Green’s Dictionary of Slang

Ned n.

[generic uses of proper name]

1. the Devil (cf. old Ned under old adj.).

[UK]Wycherley Country-Wife Epilogue: Pox on her, Ned, she can’t be found!
[UK]J. Miller Humours of Oxford V i: O Ned! such a Misfortune!
[UK]M. & R. Lovell Edgeworth Essays on Irish Bulls 206: Just then Ned came ****, he lifted up his hands.
[US]‘Philip Paxton’ Stray Yankee in Texas 227: ‘By Ned,’ says he, ‘if it aint that owdacious critter of Miss Mash’s.
[US]Crisis 17 Feb. 31/2: Let Shoddyites, contractors all, Fall down and worship Uncle Ned [DA].
[US] in J.F. Dobie Rainbow in Morning 92: By Ned.

2. (Aus.) a fool.

[Aus]Melbourne Punch 9 Aug. 7/1: ‘Slangiana’ [...] ‘O, deem me not a stupid Ned’.

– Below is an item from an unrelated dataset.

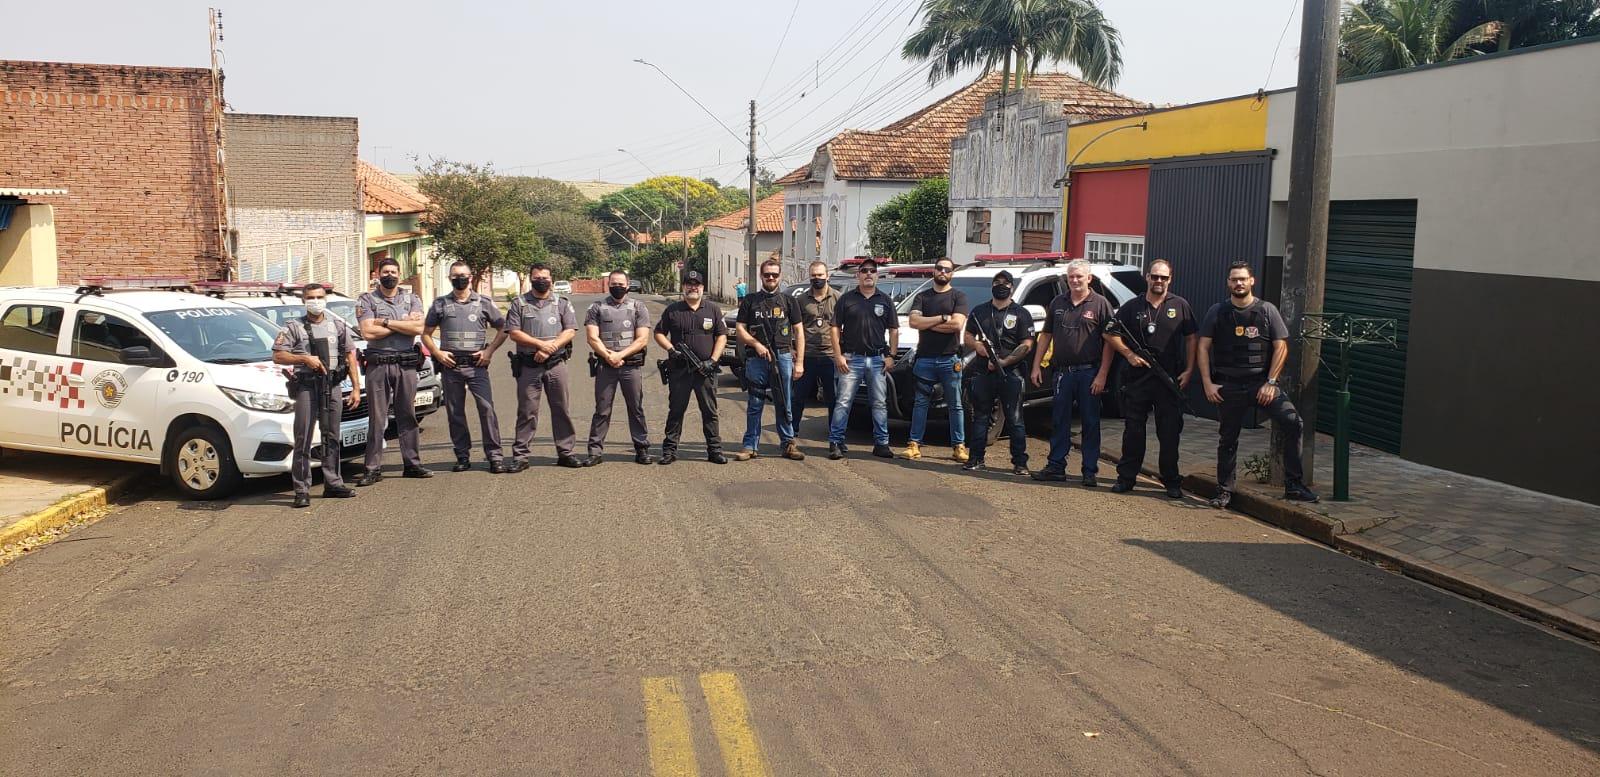 GOE e PM prendem vários por tráfico de drogas em Dourado

3. (Aus.) a term of address to a stranger.

[Aus]E. Dyson ‘At a Boxing Bout’ in Benno and Some of the Push 116: ‘Get yer ear out, Ned, ’r he’ll bite it,’ said Benno sourly to the stranger.

In phrases

raise Ned (v.) (also ...merry Ned, ...old Ned, ...promiscuous Ned, ...(old) Harry, ...Old Nick)

to cause a disturbance, to make trouble.

[[Scot]Caledonian Mercury 18 Nov. 3/2: And merry Ned — who ‘set us in a Rear!’].
[US]Whip & Satirist of NY & Brooklyn (NY) 4 June n.p.: Susan Shanon thinks she is raising Old Nick when she goes on horseback trhough a Church.
[US]J.R. Lowell Biglow Papers (1880) 60: Your fact’ry gals [...] ’ll go to work raisin’ promiscuous Ned.
[US]Broadway Belle (NY) 29 Jan. n.p.: ’Tis there I raise old Harry / And on peaniuts have a spree.
N.Y. Weekly Trib. 10 Sept. 7/4: The accounts in The Tribune raise Old Ned [DA].
[US] in R.G. Carter Four Brothers in Blue (1978) 18 Dec. 208: We bivouacked all day Monday on the wharves, eating flap-jacks and raising the ‘Old Nick’.
[UK] in Shields Dly Gaz. 3/1: We are real smart girls [...] and can raise ned and keep folks A laughing .
[US]Nat. Police Gaz. (NY) 3 Nov. 11/1: [headline] in a scrape again Another Victim of Edward Arnott, the Actor Turns up and Raises the Old Harry.
[US]G. Devol Forty Years a Gambler 259: Young Bill was mad because his father had secured a young step-mother for him, and was just raising ‘Ned’ about it.
[US]Ade More Fables in Sl. (1960) 97: When you’re Het Up you’re just as like as not to Raise Ned.
H. Quick Double Trouble 223: You’ve been raising merry Ned, Florian, in your Brassfield capacity .
[US]C.E. Mulford Bar-20 Days 210: He’s shore raising Ned to-night, the li’l monkey.
[US]S. Lewis Main Street (1921) 308: You have a perfectly well-developed case of repression of sex instinct, and it raises the old Ned with your body.
[US]S. Lewis Babbitt (1974) 114: Yuh, I bet you simply raised the old Ned.
[US]E. Dahlberg Bottom Dogs 43: Seventh graders [...] weren’t crazy about airing their bare buttocks on january mornings at 5.45 a.m., and raised old harry when a monitor [...] came along, shooed off the blanket.
[US]J.T. Farrell World I Never Made 87: I get a pair of shoes that raises all holy Harry with my tender dogs.
[US]N.Y. Herald Trib. 28 Nov. 15/5: The ‘vampire baby’ was a wicked young woman who wore short skirts, though ankle-length hems were proper at the time, flirted with married men, and, in general, ‘raised Ned,’ as observers commented at the time.
F. Warnick Dialect of Garrett County, Maryland 12: Raise old Ned, v.phr., to make a row (Slang) [DA].
[US]Randolph & Wilson Down in the Holler 97: A small boy in southwest Missouri was severely punished because he used the expression ‘to raise Ned’.
M.L. Rafferty What They are Doing to Your Children 131: When he found himself incarcerated in the classroom for reasons beyond his control, he would raise Ned.